To do:
Below are lines of data; restate word for word those running from the line containing "hight resolution of" to the line containing "Clinton Street Baking Co. & Restaurant", inclusive, and no others.

Dataset content:

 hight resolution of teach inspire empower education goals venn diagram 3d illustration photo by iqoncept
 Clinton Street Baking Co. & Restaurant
* * *
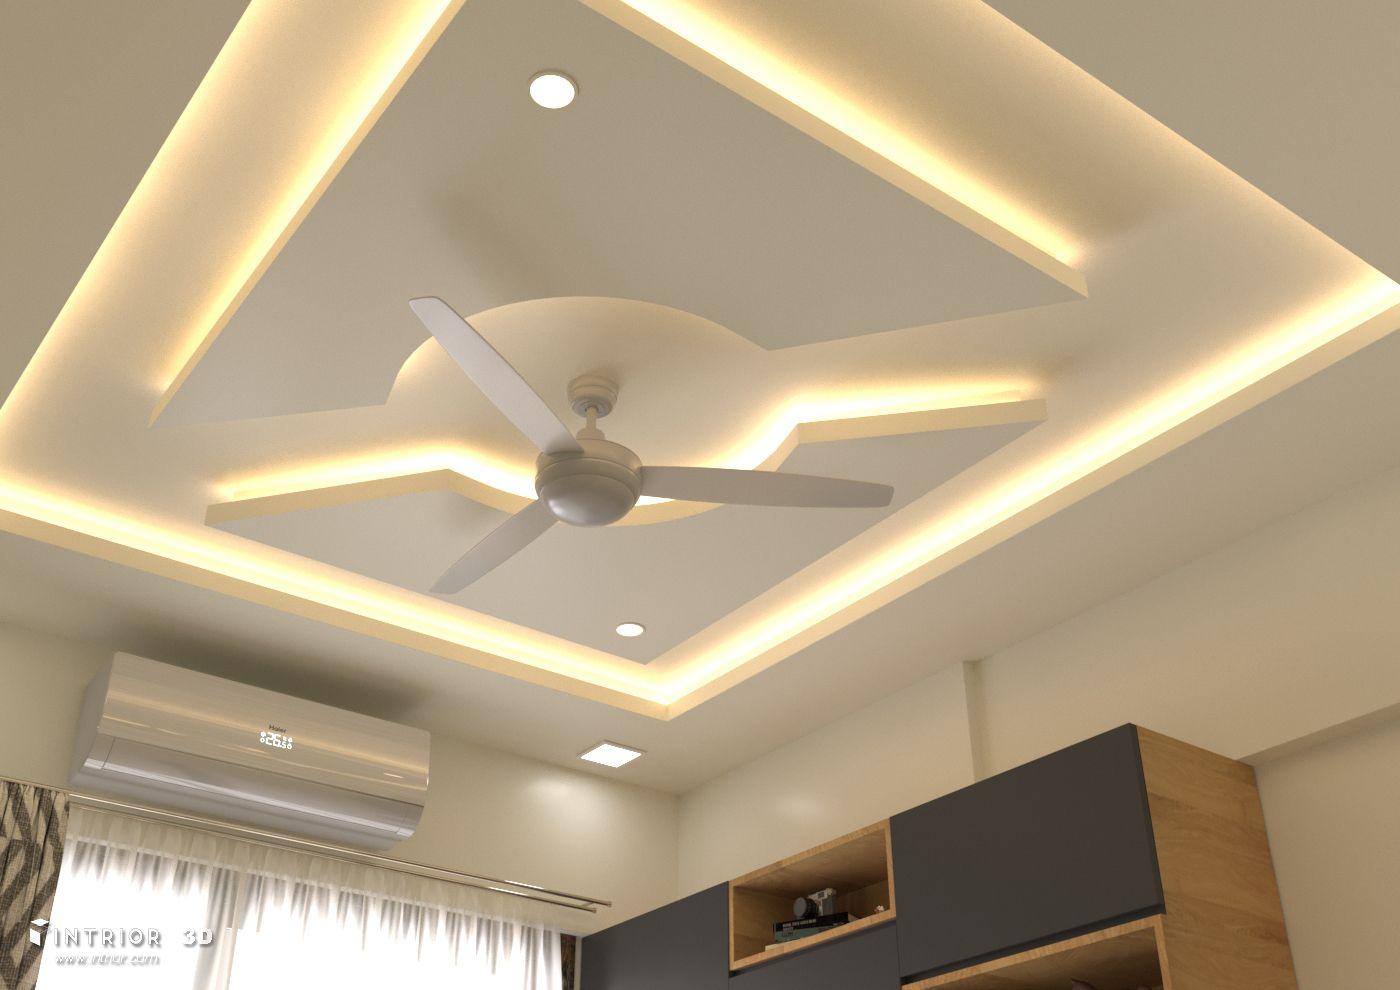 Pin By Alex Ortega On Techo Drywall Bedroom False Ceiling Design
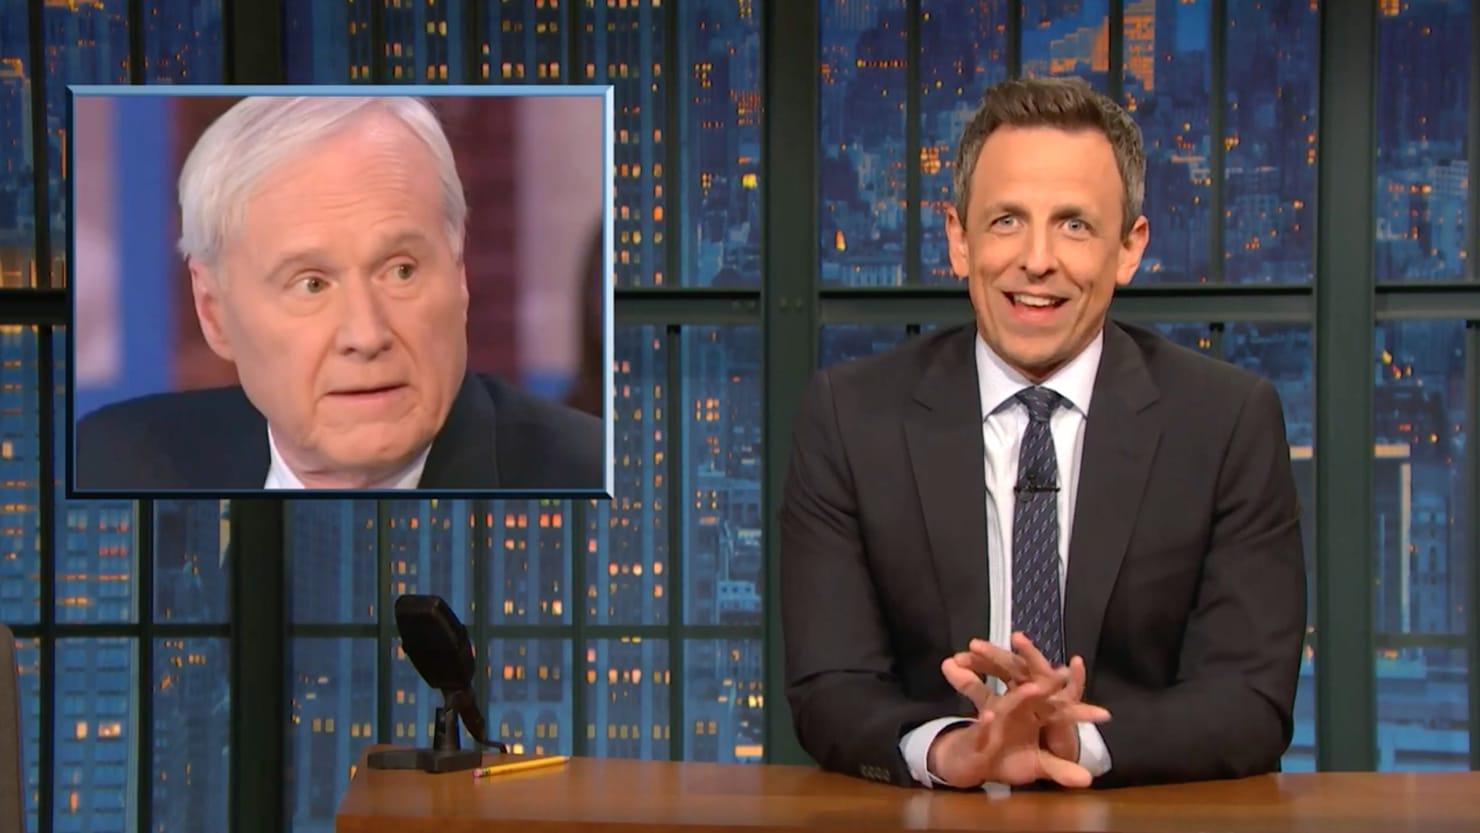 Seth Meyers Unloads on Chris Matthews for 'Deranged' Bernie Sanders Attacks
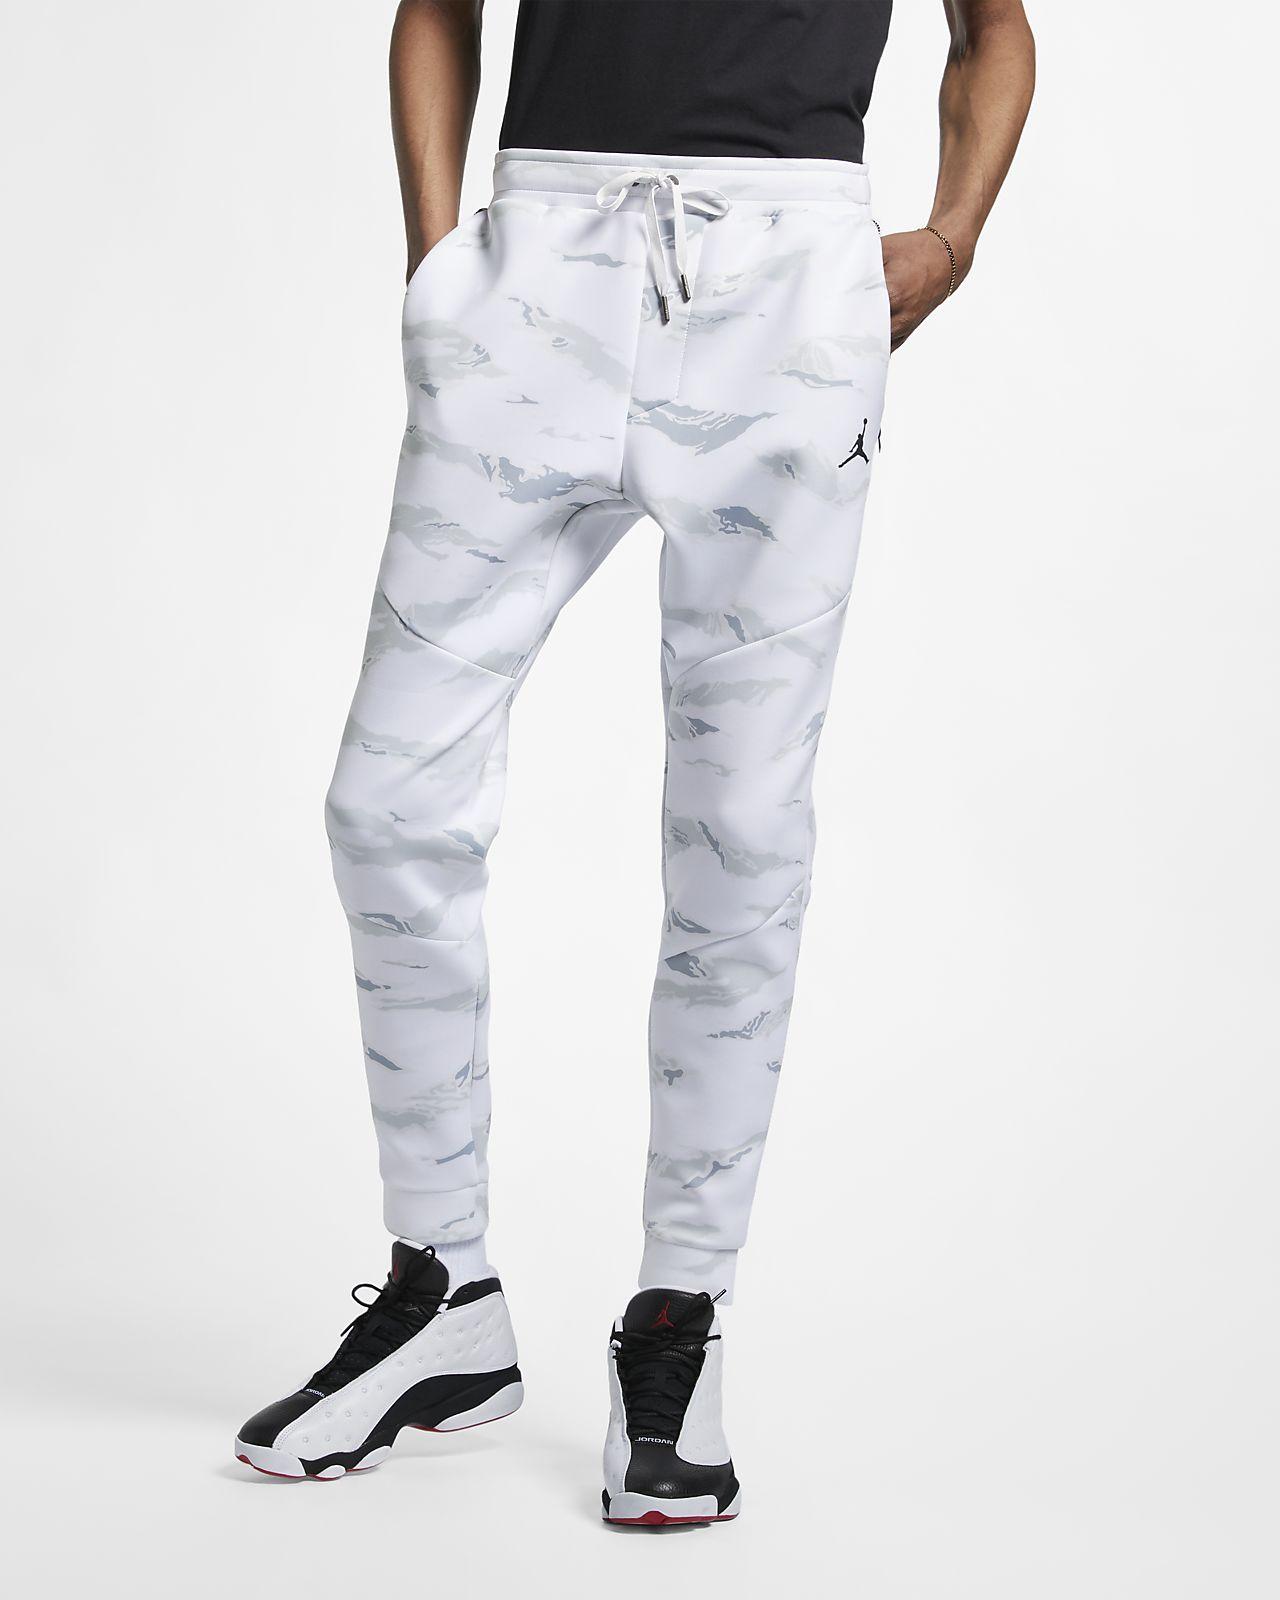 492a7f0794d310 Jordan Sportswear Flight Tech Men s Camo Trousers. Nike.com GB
--
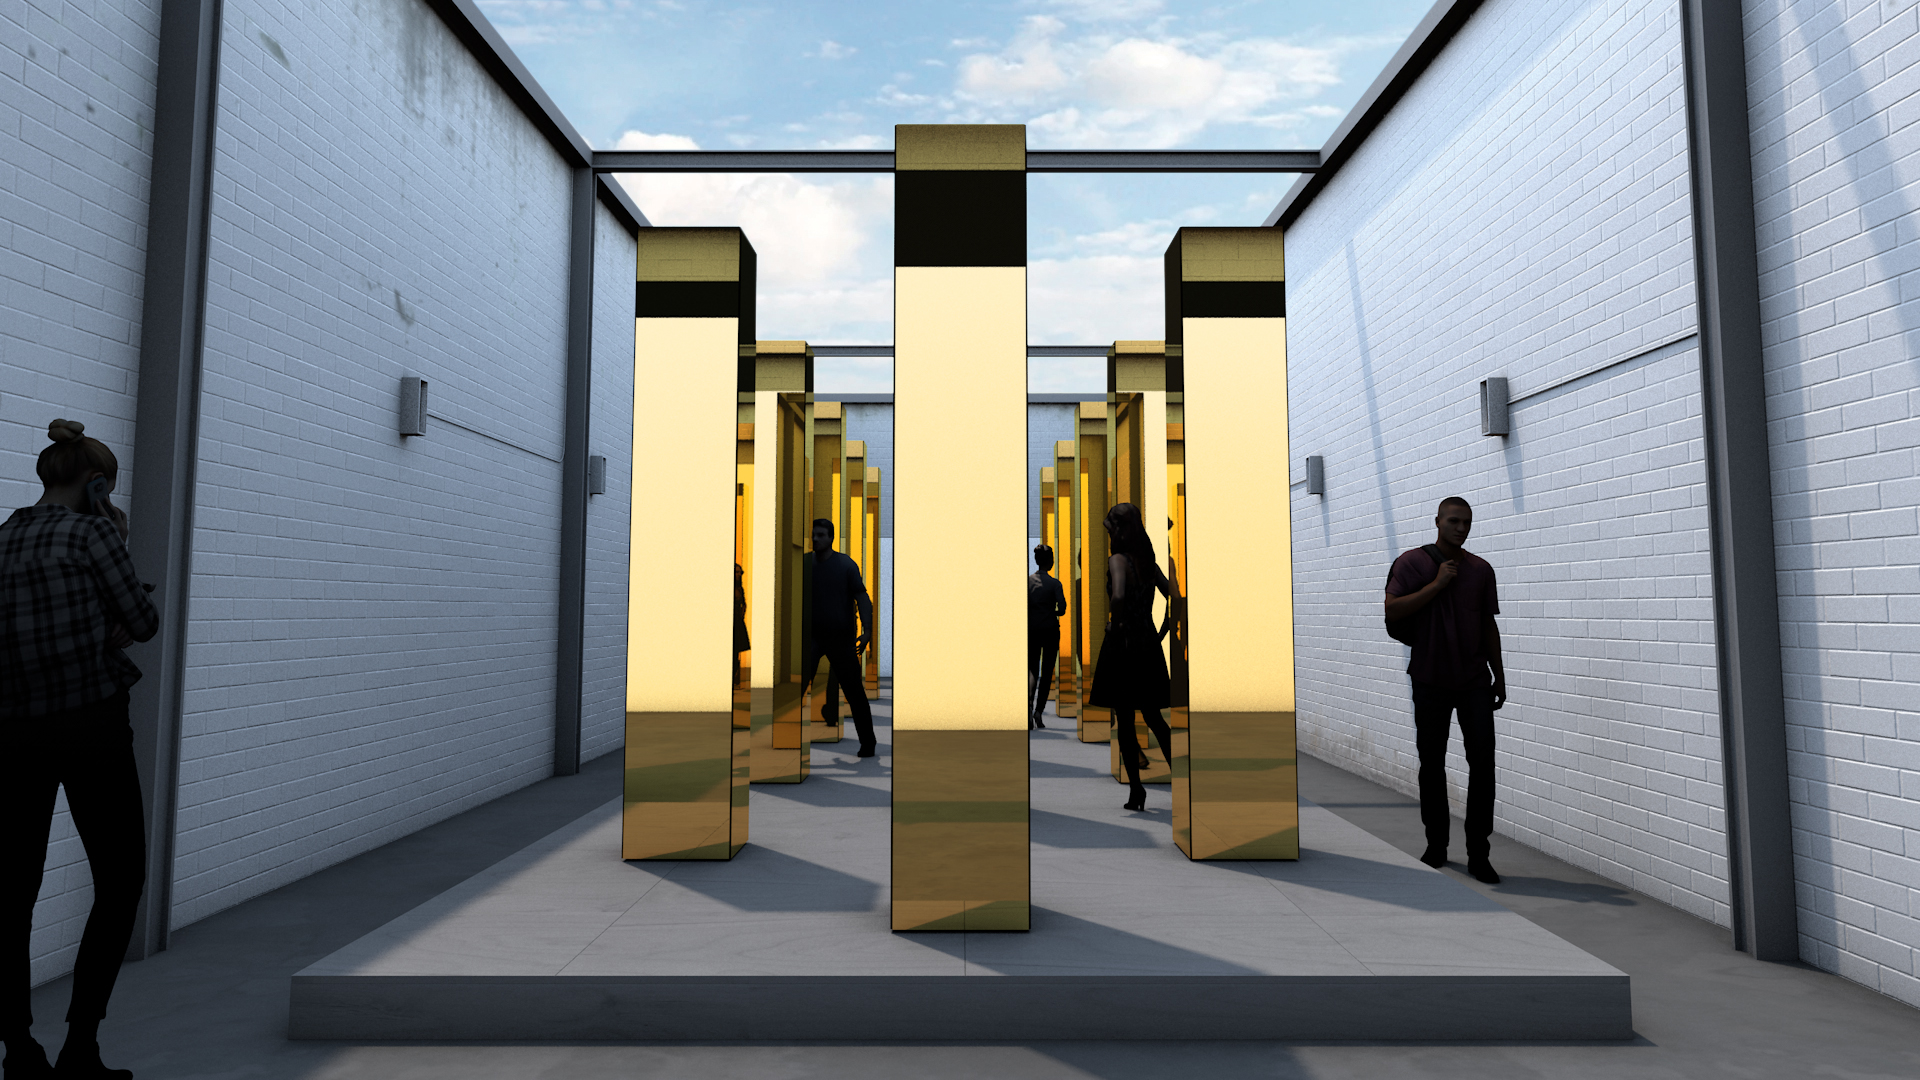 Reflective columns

Task answer:
 hight resolution of teach inspire empower education goals venn diagram 3d illustration photo by iqoncept
 Clinton Street Baking Co. & Restaurant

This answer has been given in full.